A good example of Isolation is the way SQL Server uses Locks. In SQL Server some of our most common Locks are the Shared Lock and the Exclusive Lock. By default in SQL Server’s Transaction Isolation Level, is READ COMMITED. This means that if I have a simple table like below:
Huffy 28 in Bike
Star Wars Toy
And let’s pretend that there are a couple hundred rows. Let’s give a simple example if I go to Delete or Update the Light Saber row, and a millisecond after my Transaction starts, someone else tries to Select the record, what would happen? My Update would find my record with a Shared Lock, and then it would change to an Exclusive Lock on the record when I begin to Update my data. The Select statement would attempt to take a Shared Lock on the same record and it would be Blocked, having to wait until my Update finished.
Now all of this would only take a fraction of a second, but it is Locking and Blocking function as intended. This is a very basic level and we’ll cover Transaction Isolation Levels at a later date.

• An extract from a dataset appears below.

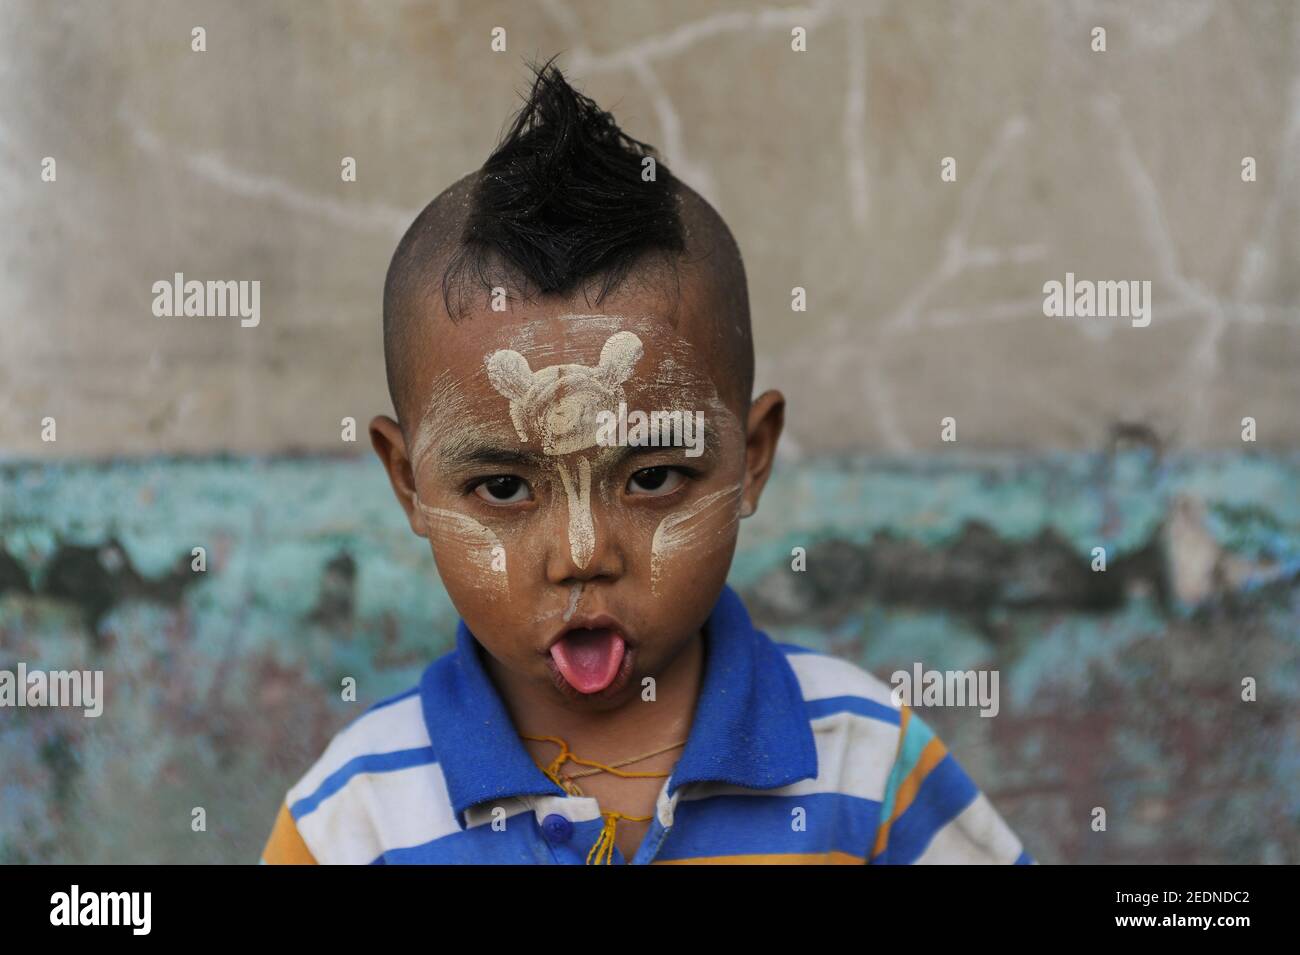 15.01.2014, Yangon, , Myanmar - Portrait of a little boy sticking out his tongue and his face smeared with thanaka paste. Thanaka is a yellowish-white Stock Photo

The best example I can think of for Durability is Recovery. Durability means that you have an advanced logging mechanism that allows a Transaction that is COMMITED to persist, even if the computer is shut down at the second a COMMIT is received. Likewise it would ROLLBACK any Transactions that may have been in progress, or In-Flight, that had not yet reached a COMMITTED state, ensuring that our database is Durable through unexpected shutdowns. To see Recovery in Action open up your SQL Server Instance, go to Management, SQL Server Logs, and look at when your server came online.
You’ll find that when the databases where brought online there is a record for Transactions Rolled Forward and for Transactions Rolled Back, and you will see the message “Recovery Complete” for databases.
We touched on a lot of topics today that each could be and deserve their own blog post if not series, Transaction Isolation Levels, Locking & Blocking, Internal File Structures, Logical File Structures, and Recovery. To be honest we could have continued on for much longer, but what I want you to see is that ACID is fundamental to your database.
So Dear Reader, I hope you can use this going forward.